Import from ESXi Extremely Slow

Trying to engineer out a way for the qcow2 imports to work with compression, it'd be a significant time saving in transit with sparse disks. But having a problem with the qcow2 conversion process not reading the data fast enough from the buffer, which slows the whole import down.

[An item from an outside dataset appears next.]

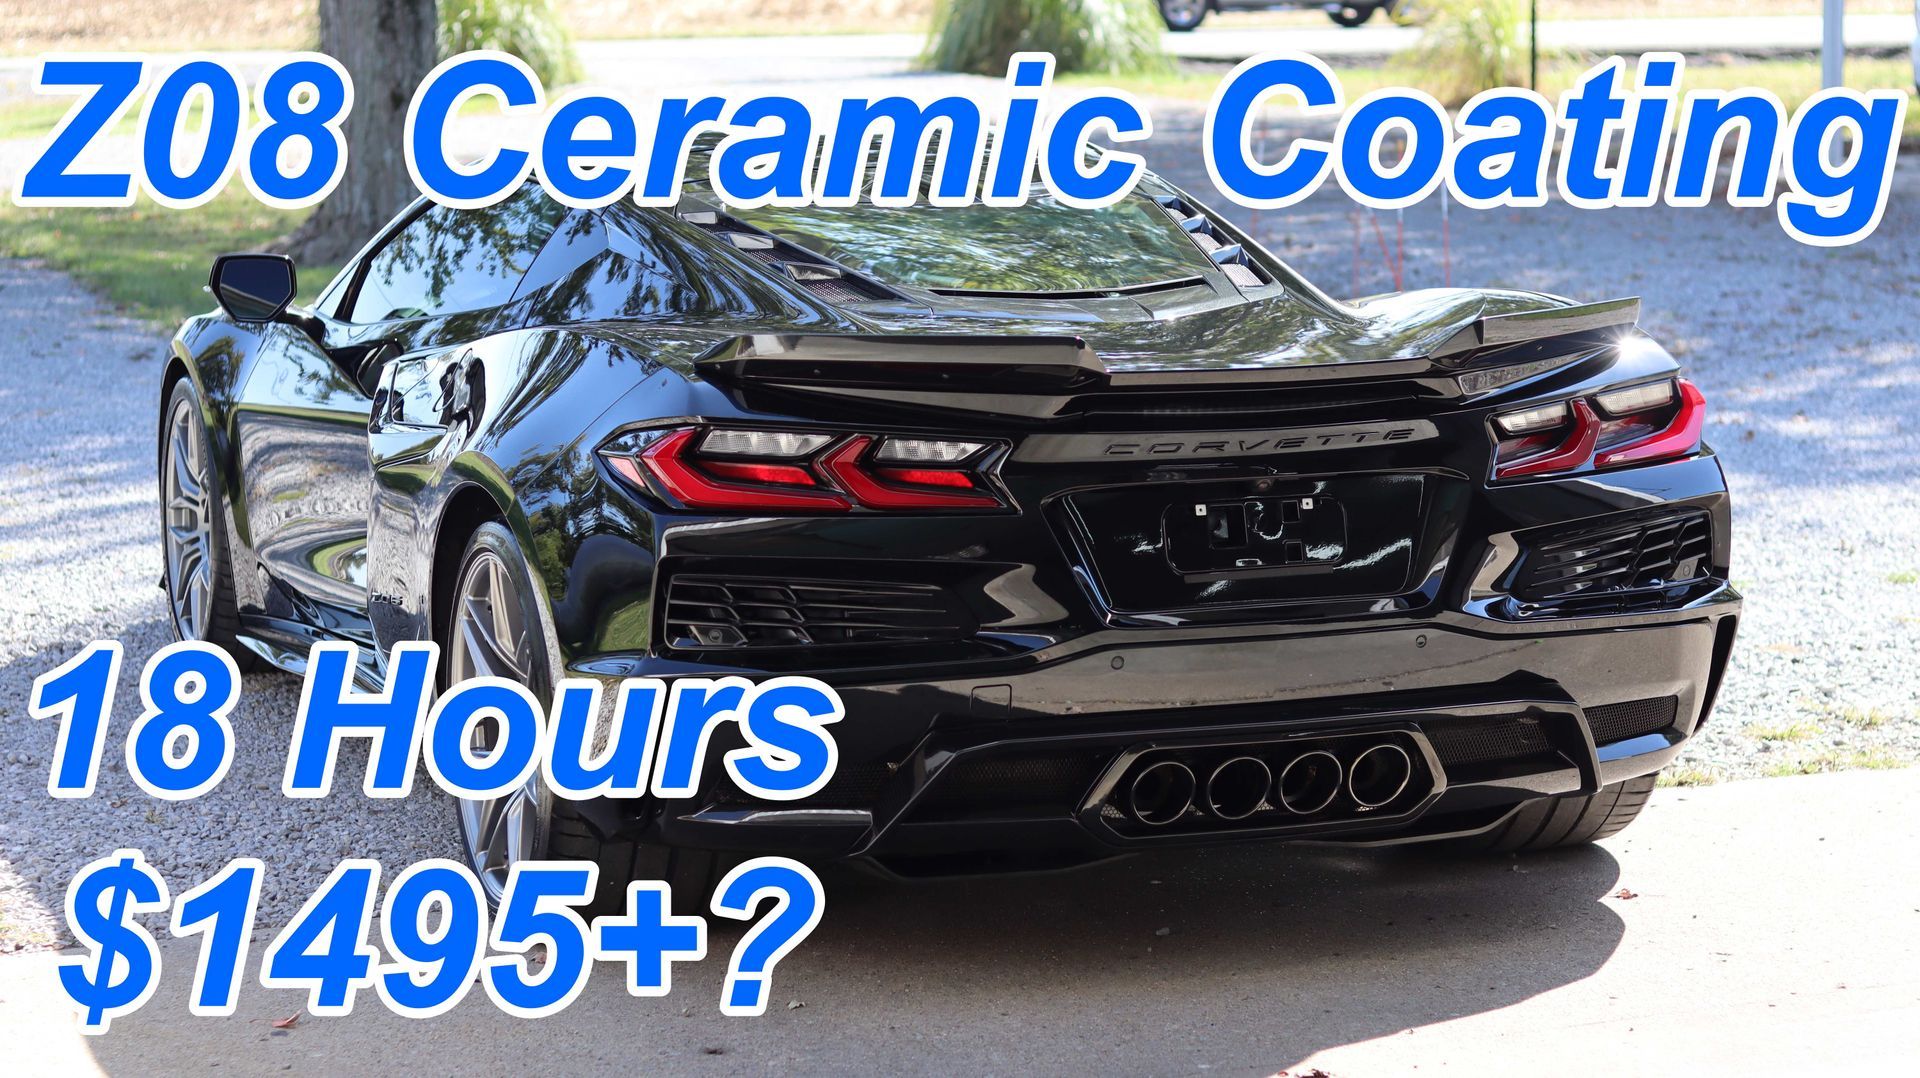 Ceramic Coating Specialists of Southern Illinois

RAW is getting the expected 250MB/s over the line which equates out to 500MB/s after decompress (due to lots of sparse space). I'm not exactly sure why I can't get the compressed pipe to hit 500MB/s though.

So currently what works:
✅ RAW without compression
✅ RAW with compression
✅ qcow2 without compression

I'll work on it more on Monday.

@kaliszad brought something up to me the otherday about how Vates recently implemented VDDK into their import process with XCP-ng:

https://github.com/vatesfr/xen-orchestra/pull/8840
https://xen-orchestra.com/blog/xen-orchestra-5-110/

In the best case, when using VMs with many snapshots or mostly empty disks, migrations can be up to 100 times faster. In our high-performance lab, we measured around 150 MB/s per disk and up to 500 MB/s total, which means an infrastructure with 10 TB of data could be migrated in a single day, with less than five minutes of downtime per VM.
Interestingly they are hitting the same limitations as the current Proxmox import tool with the ~150MB/s per disk. Then they are also hitting the 500MB/s limit that I'm seeing with a single TCP stream. Not even sure if this could be implemented in a sane way due to the qcow2 thing again.

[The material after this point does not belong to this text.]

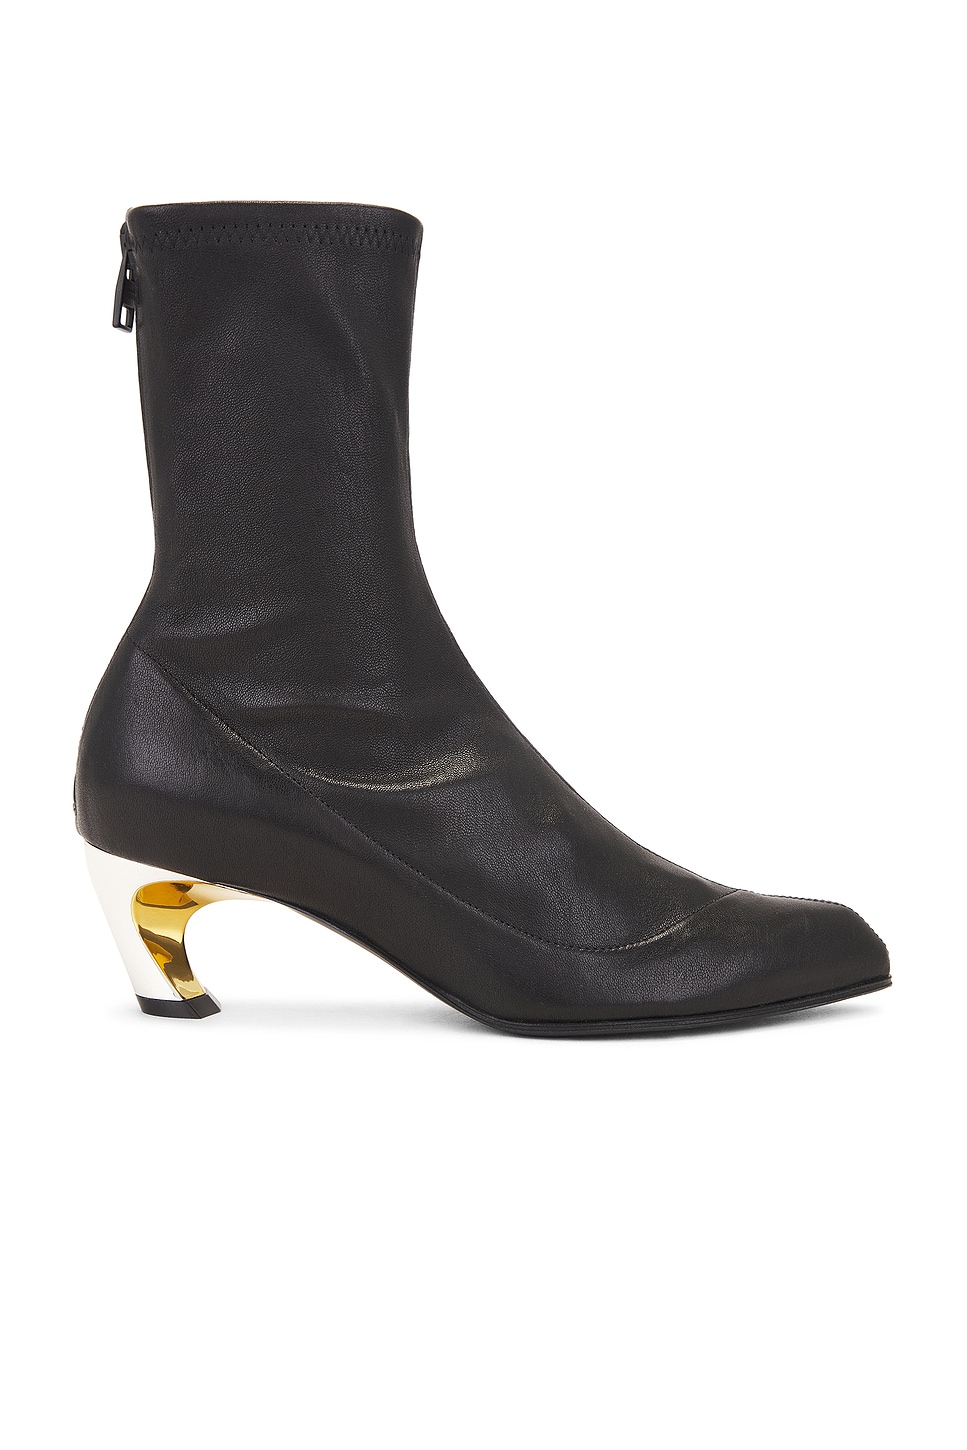 Image 1 of Alexander McQueen Leather Sock Boot in Black, Silver, & Gold

The main issue with qcow2 needs to kinda/sorta read the whole file, not as a stream, when it's converting. So that'd where my FUSE trick comes in, it's showing the qemu-img dd process that it's a whole file, not a stdout coming in. The FUSE allows the small seeks that the qcow2 conversion to have by keeping a small chunk of data in the buffer. But that buffer is having a fit with the compression, I'm not sure if it's because the decompress part gets to the large sparse area towards the end of the disk and starts hammering the buffer or what, but the FUSE isn't liking it lol.

And option would be to just not allow compression with qcow2 set as the output format. I'll need to do some speed tests to see if that's even worth implementing, if it's the same speed or slower than the existing HTTP/2.0 method, it's not much use.

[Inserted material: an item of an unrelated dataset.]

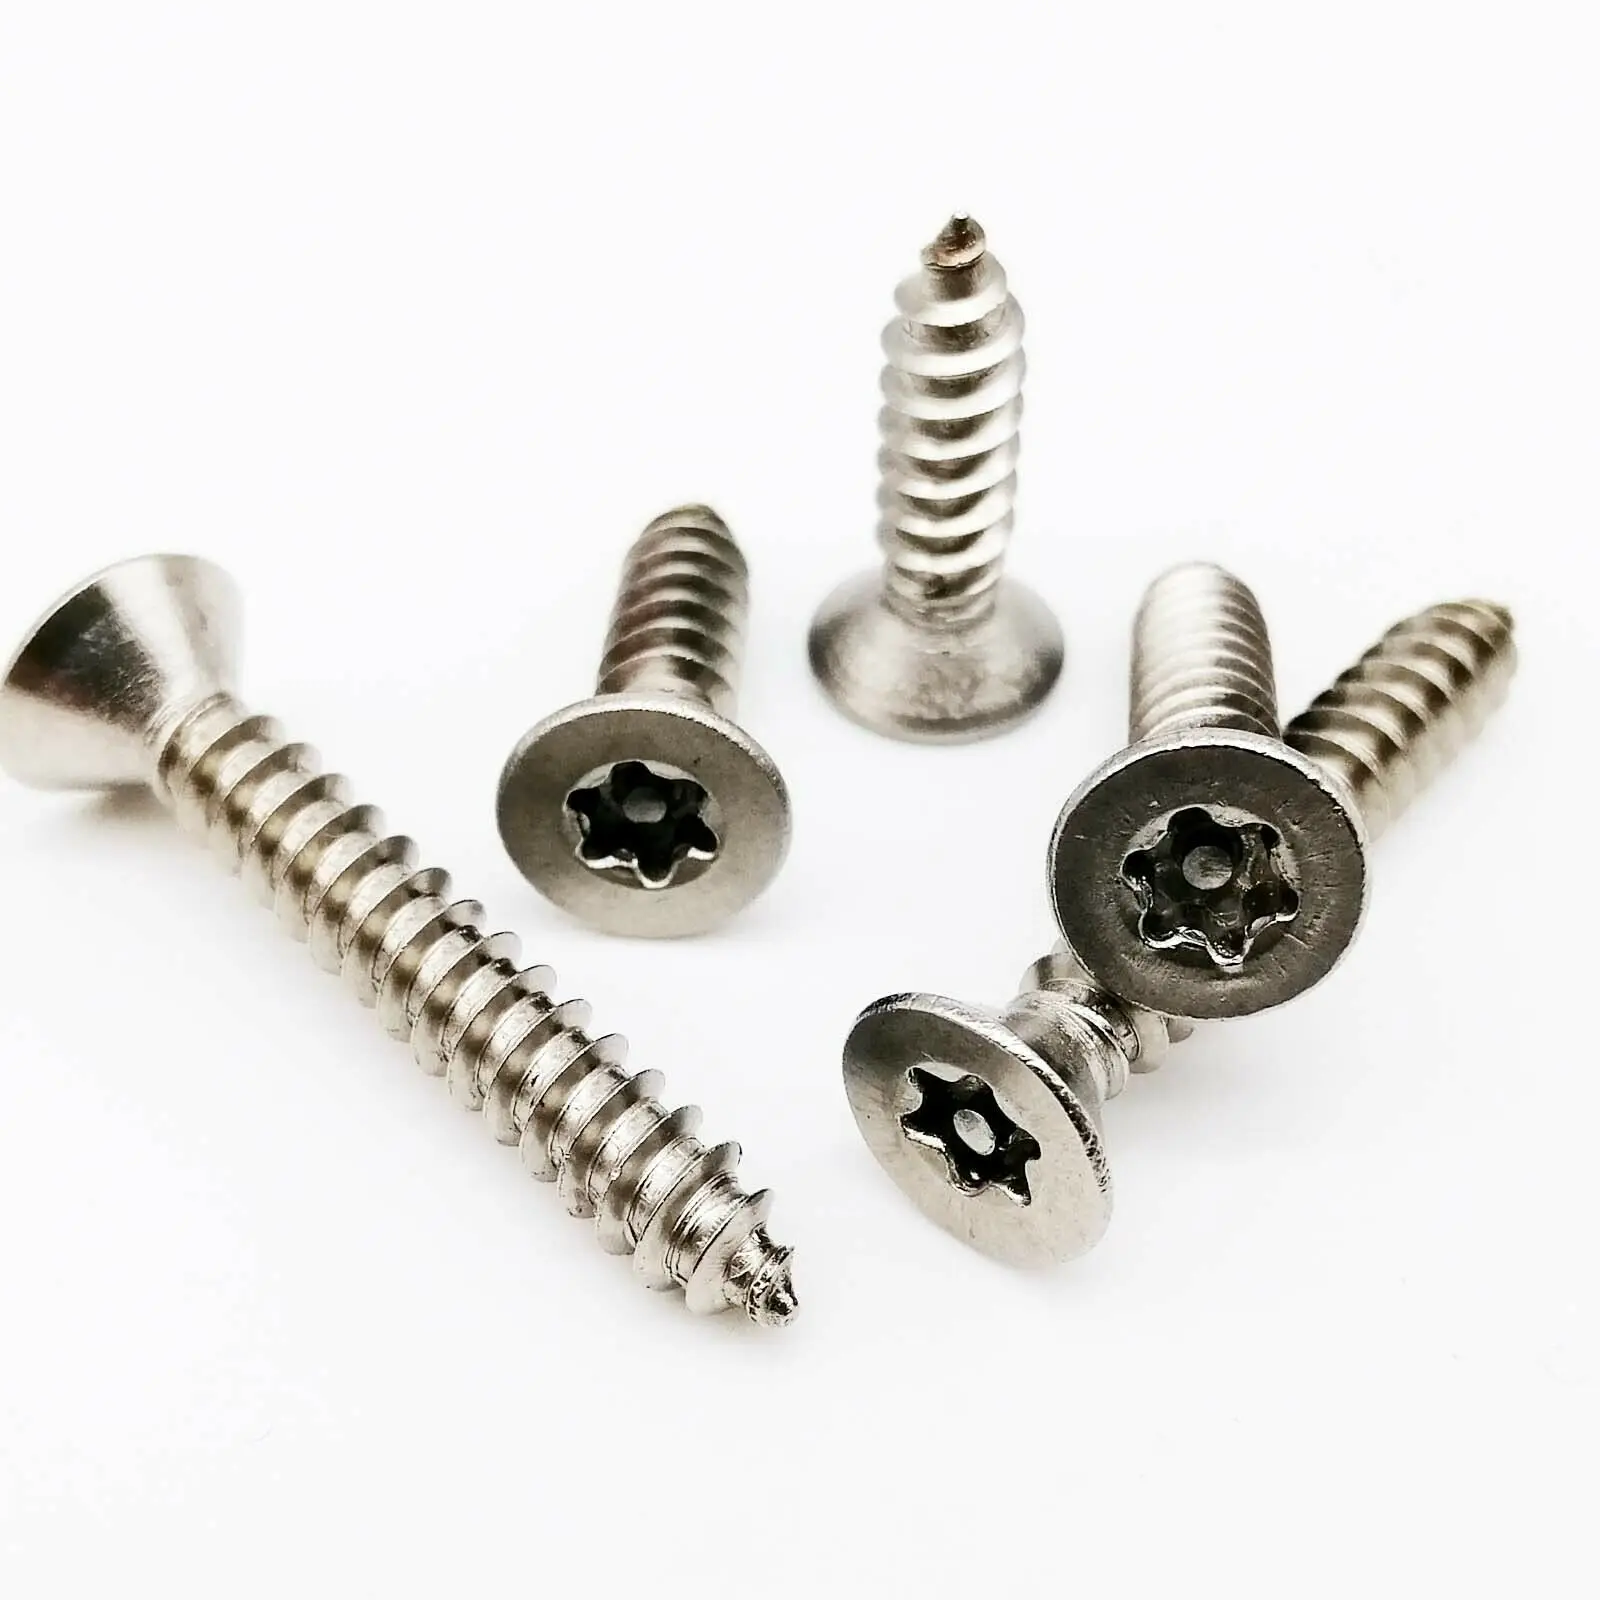 

20pc Six Lobe Torx Bolt Self-tapping Screw M2.9 M3.5 M3.9 A2 Stainless Steel Countersunk Flat Head Security Wood Screw with Piin

NGL, very frustrating lol. I need to do a benchmark to see how fast an import happens when you bypass ESXi all together and just attached the vmfs off the storage directly in Proxmox using the vmfs6 tools and then run an import that way.
 
  • Like
Reactions: robertlukan
More coding today, so far so good.

1761566825323.png

So at the very least, it's almost 2x faster that the built in import method for qcow2 and about 4 times faster with raw+compression.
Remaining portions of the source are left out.